Washington, April 5 (Inditop.com) The Pentagon, the US defence department, is actively lobbying for “more pressure” on New Delhi to ease tensions between India and Pakistan to win Islamabad’s cooperation in Afghanistan, the Wall Street Journal has reported. It has also revealed that US President Barack Obama had issued a “secret directive” to intensify diplomacy towards that aim.
Asserting that without detente between the two rivals, US efforts to win Pakistani cooperation in Afghanistan would suffer, the directive in December “concluded that India must make resolving its tensions with Pakistan a priority for progress to be made on US goals in the region”, the daily said citing “people familiar with its contents”.
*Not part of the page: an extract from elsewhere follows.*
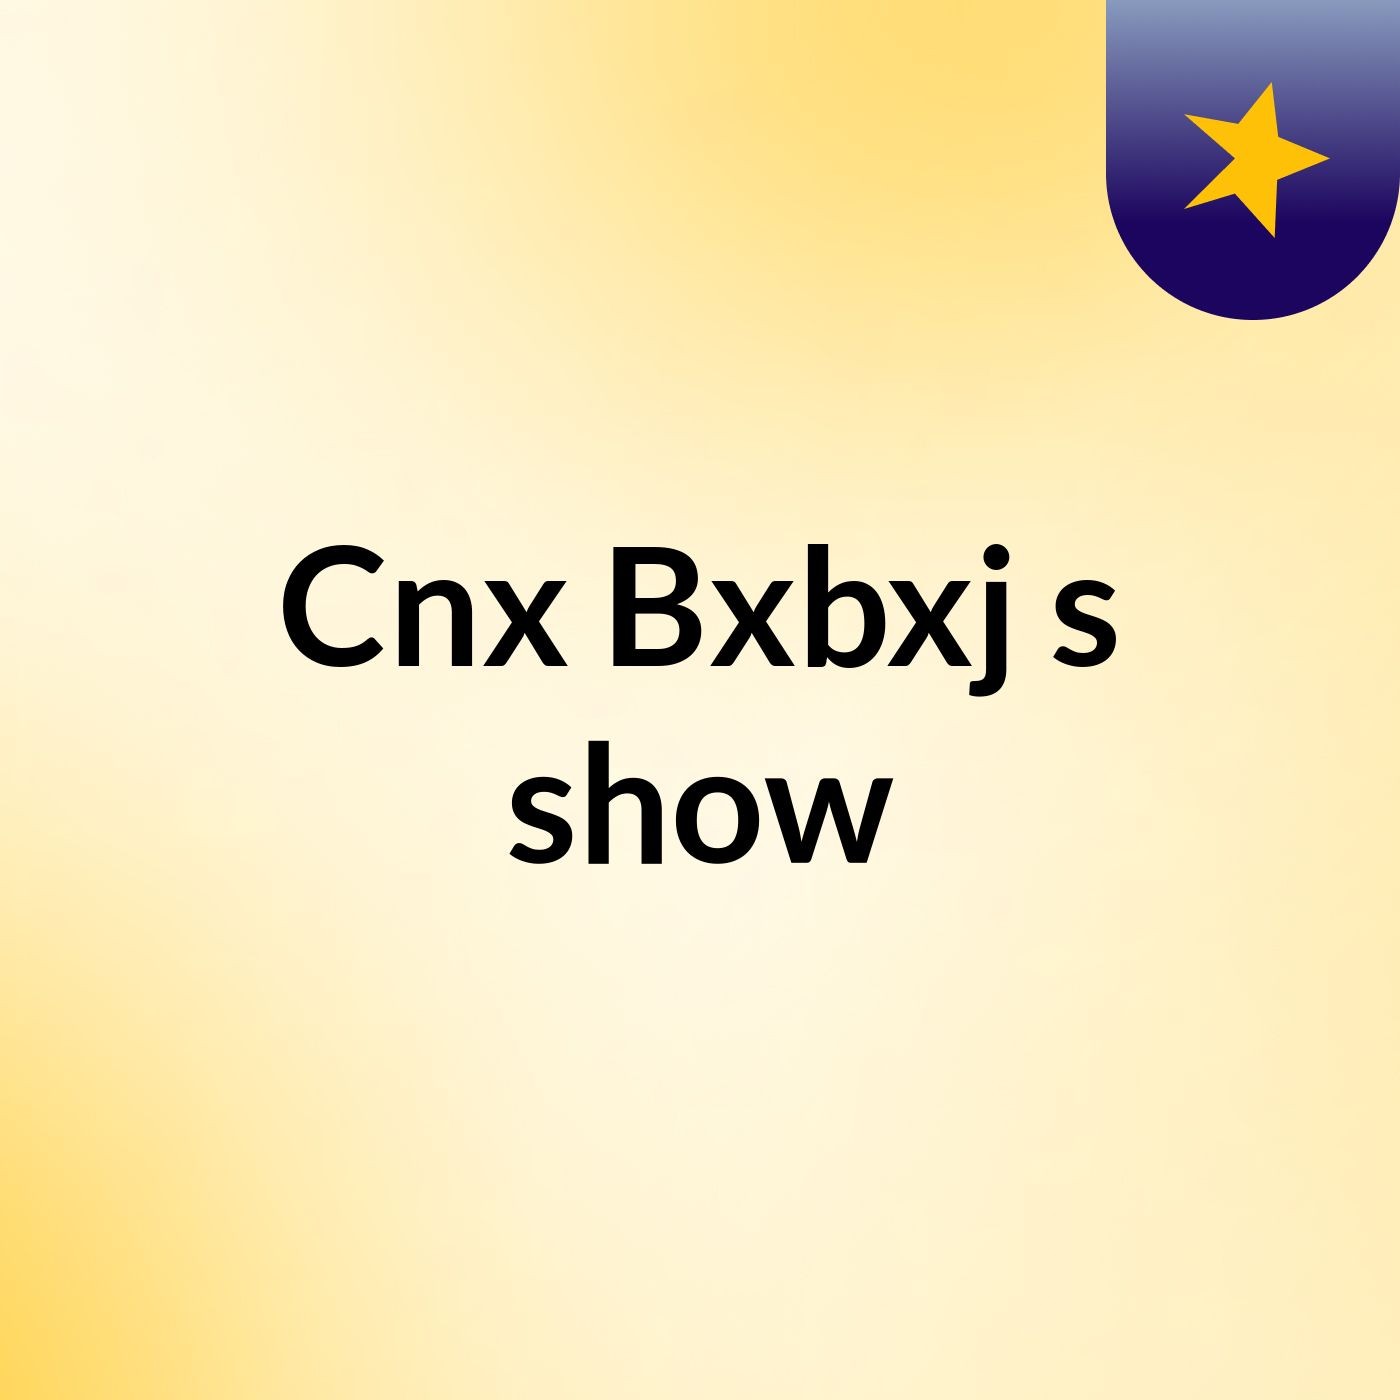 Cnx Bxbxj's show

A debate continues within the administration over how hard to push India, which has long resisted outside intervention in the conflict with its neighbour, it said. “The Pentagon, in particular, has sought more pressure on New Delhi,” the influential daily said citing US and Indian officials.
The journal cited current and former US officials as saying the discussion in Washington over how to approach India has intensified as “Pakistan ratchets up requests that the US intercede in a series of continuing disputes”.
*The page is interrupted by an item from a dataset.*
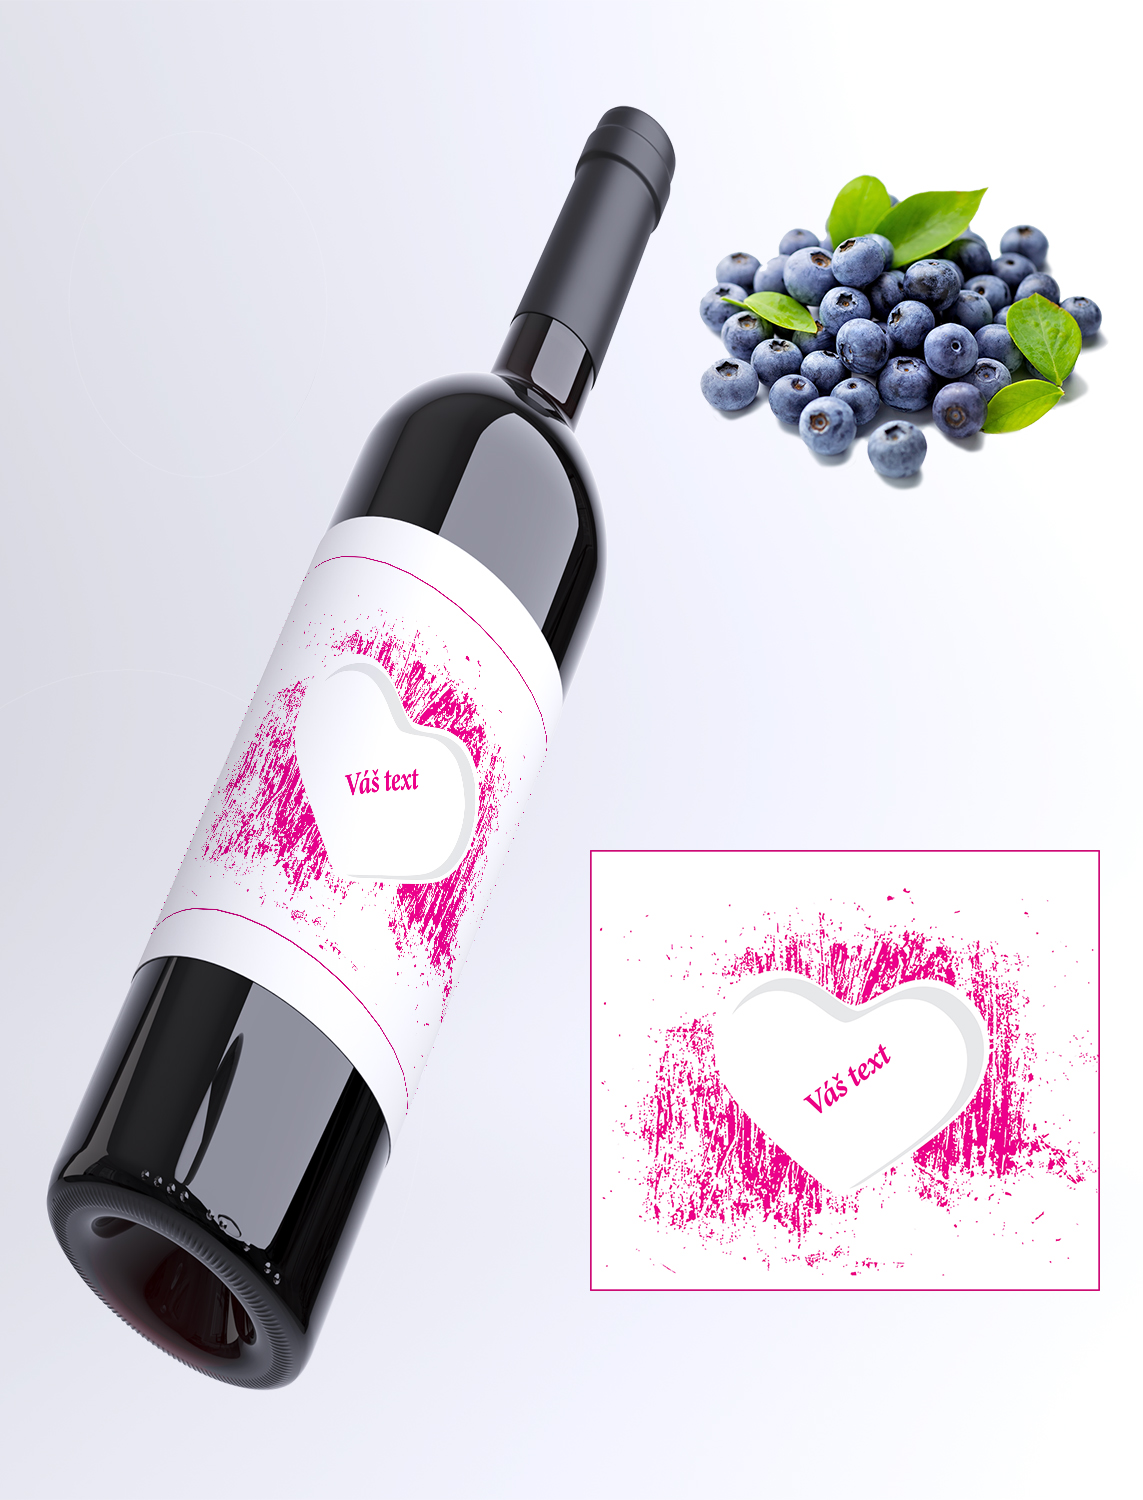 Srdce pink - Váš text - borůvkové víno

The Obama administration has, so far, made few concrete demands of New Delhi, it said citing US and Indian officials.
According to US officials cited by the Journal, the only specific request has been to “discourage India from getting more involved in training the Afghan military, to ease Pakistani concerns about getting squeezed by India on two borders.”
The directive to top foreign-policy and national-security officials was summarised in a memo written by National Security Adviser James Jones at the end of the White House’s three-month review of Afghan war policy in December, the daily said.
According to US and Indian officials cited by the Journal, “the Pentagon has emerged in internal Obama administration debates as an active lobbyist for more pressure on India, with some officials already informally pressing Indian officials to take Pakistan’s concerns more seriously.”
Admiral Mike Mullen, chairman of the Joint Chiefs of Staff, has been among the more vocal advocates of a greater Indian role, “encouraging New Delhi to be more ‘transparent’ about its activities along the countries’ shared border and to cooperate more with Pakistan”, the Journal said citing a US military official.
US military officials were circumspect about what specific moves they would like to see from New Delhi, it said. “But according to people who have discussed India policy with Pentagon officials, the ideas discussed in internal debates include reducing the number of Indian troops in Kashmir or pulling back forces along the border.”
The State Department has “resisted such moves to pressure India, according to current and former US officials, insisting they could backfire,” the Journal said.